Saturday, September 24, 2005

Ethnocentrism, as interpreted by

Ethnocentrism (Greek ethnos ("nation" + -centrism) or ethnocentricity is the tendency to look at the world primarily from the perspective of one's own culture. Many claim that ethnocentrism occurs in every society; ironically, ethnocentrism may be something that all cultures have in common.

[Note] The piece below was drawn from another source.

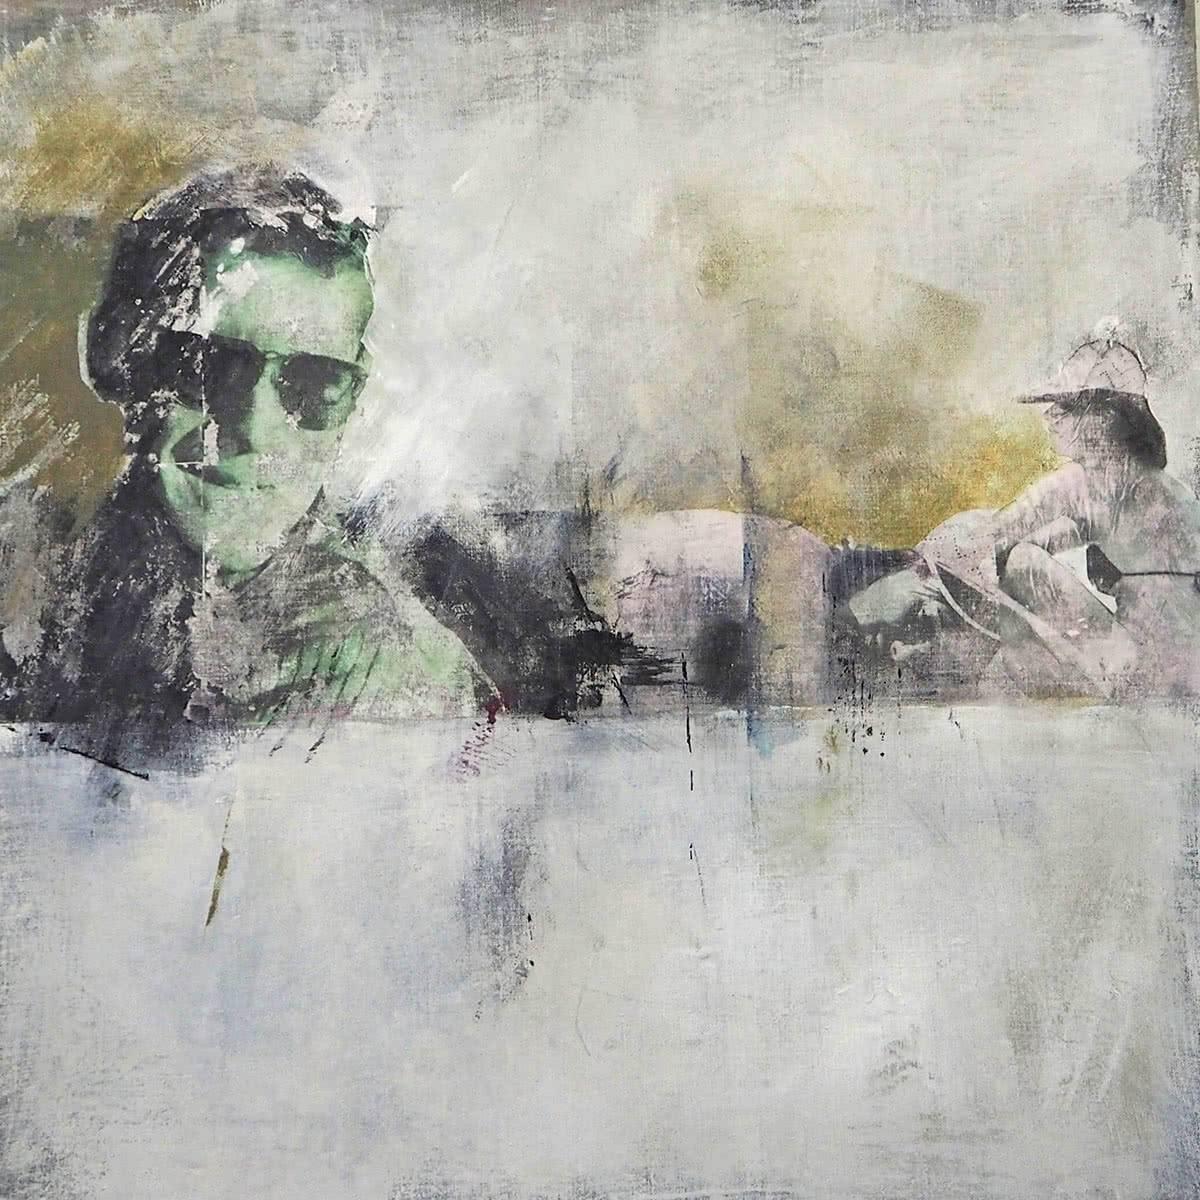 acryl auf leinwand 90 x 90 cm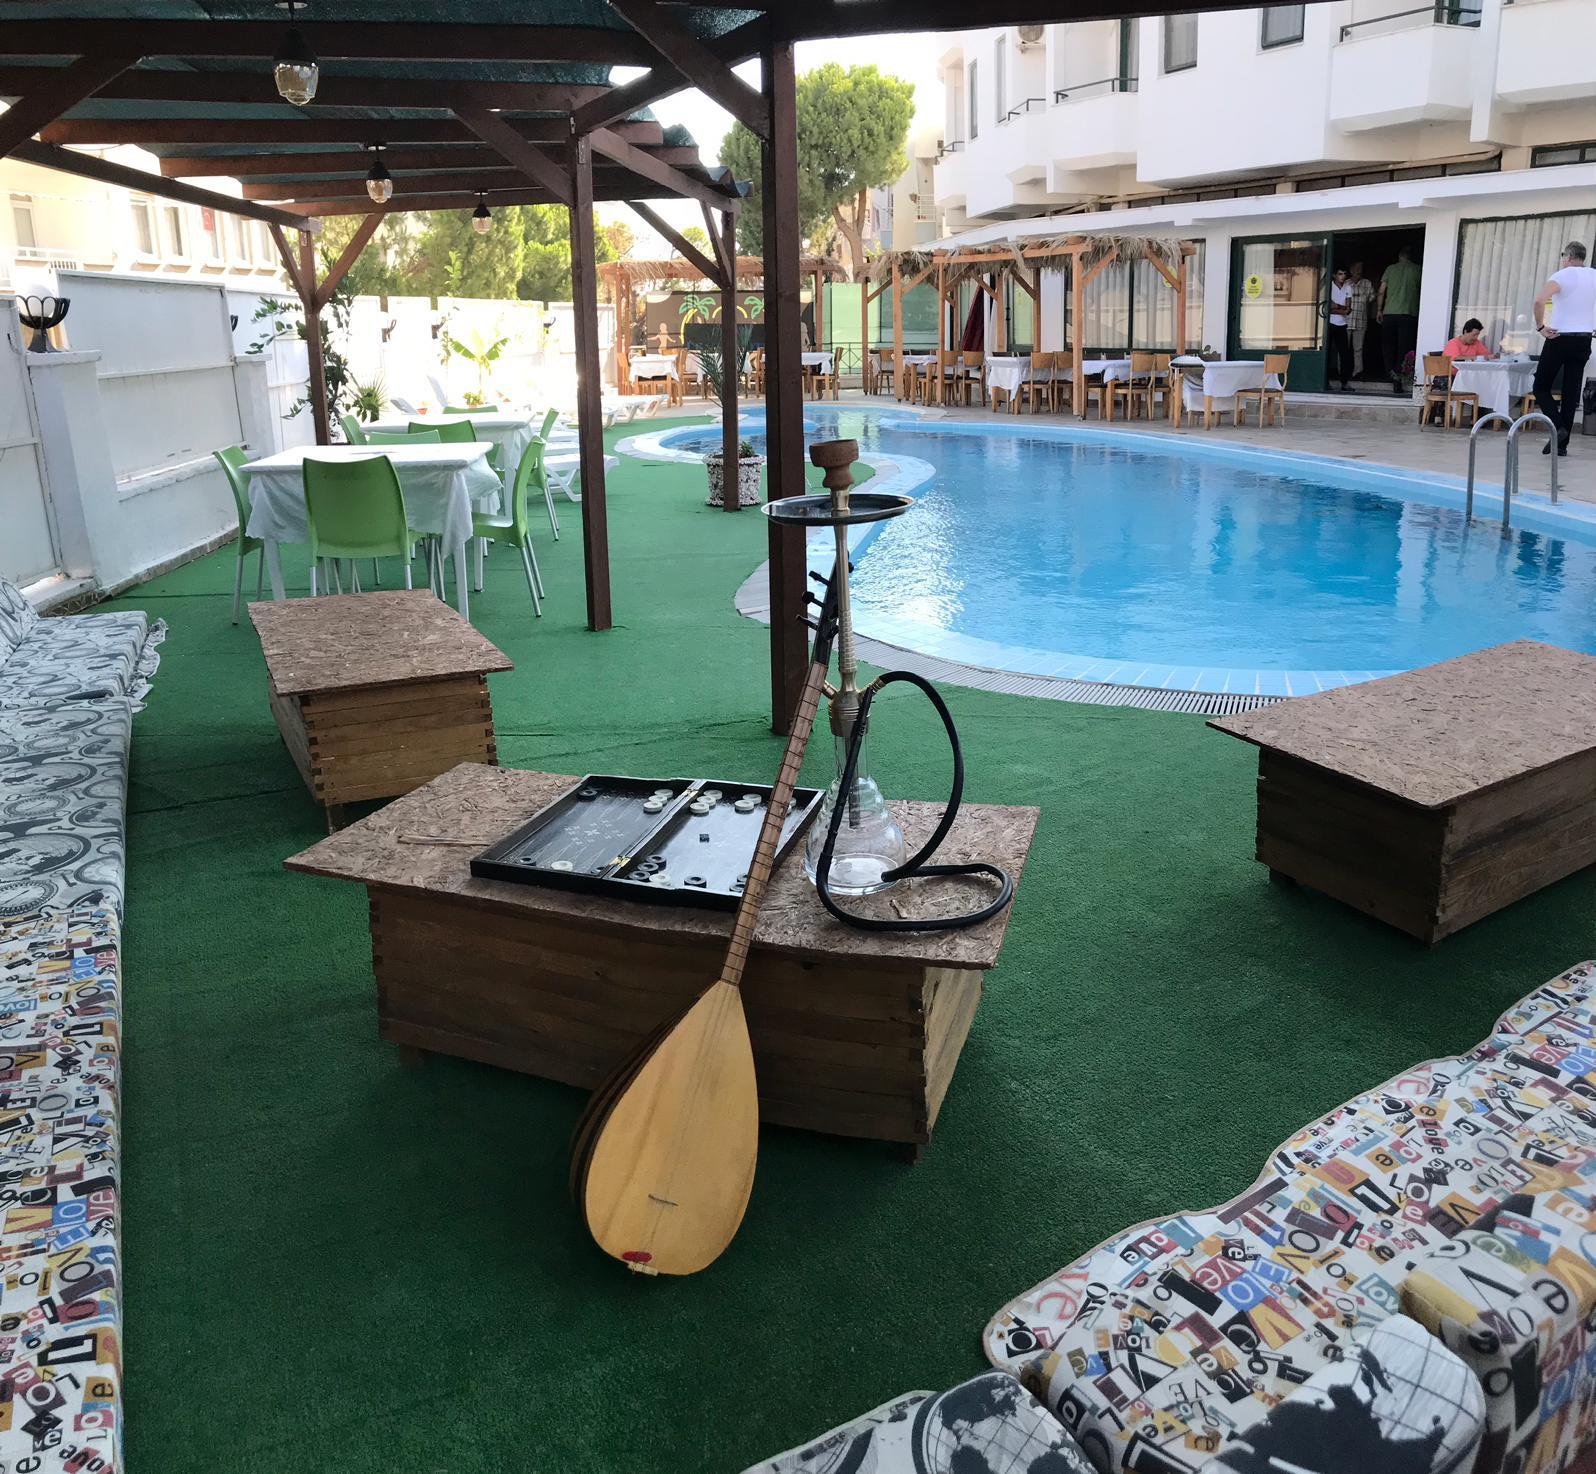 Letovanje Turska autobusom, Sarimsakli, Hotel Urgenc,bar

Nearly every religion, "race," or nation feels it has aspects which are uniquely valuable. (This tendency is humorously illustrated in the romantic comedy My Big Fat Greek Wedding, in which the heroine's father perenially exalts Greek culture: "Give me any word, and I'll show you how it derives from Greek roots." "Oh, yeah, how about kimono?")
Ethnocentrism is common among people belonging to large "empires." Toynbee notes that Ancient Persia regarded itself the center of the world and viewed other nations as increasingly barbaric according to their degree of distance. China's very name is composed of ideographs meaning "center" and "country" respectively, and traditional Chinese world maps show China in the center.
England defined the world's meridians with itself on the center line, and to this day, longitude is measured in degrees east or west of it Greenwich. "The sun never sets on the British Empire."
The United States so conceived of its role of "Manifest Destiny" that it regarded the western portions of North America as essentially "uninhabited" and celebrates Columbus Day as the anniversary of the America's "discovery."
The Japanese word for foreigner ("gaijin") also means "outsiders," and Japanese do not normally use the term to describe themselves when visiting other countries. For a Japanese tourist in New York, gaijin are not Japanese tourists, but New Yorkers.
Ethnocentrism as selfishness

In the latter quarter of the 20th century, various forms of ethnocentrism began to be decried, largely by other groups professing either to be innocent of ethnocentrism themselves or eminently qualified to embrace it. African-Americans complained of the Eurocentrism of white America while exalting Afrocentrism. Edward Said wrote a book called Orientalism, arguing that the West could not understand Arab and Islamic cultures (and should not try to).
Many wars have been fought with ethnocentricism as a major theme. World War II entailed ethnocentrism on two fronts: Nazi Germany's "master race" concept exalted the so-called "Aryan people," while Japan proposed its Greater East-Asia Co-prosperity Sphere with Japan as the center of this sphere in 1940. The Nazis succeeded in taking over much of Europe and embarked on the largest ethnic cleansing campaign in history (see the Holocaust, ironically demonizing Jews for "Jewish ethnocentrism" and using that as part of their justification).
The reasons for maintaining an ethnicity or culture are often personal and relate to the cohesion of familiar personal and social elements; that is, attachment or custom. We are all born into a human culture, and it is culture that shapes our self-awareness and understanding of other individuals. It also reflects, depending on the cultural teaching, customs or patterns of behaviour in relating to other cultures. This behaviour can range from universal acceptance or feelings of inferiority compared with other cultures, to racism, which many consider an aspect of xenophobia. Some examples of ethnocentric behaviors are represented by such social phenomena as economic isolationism, counter-cultures, anti-establishmentism, and widespread social patterns of interpersonal abusive behaviors as ostracization, prejudice, and discrimination.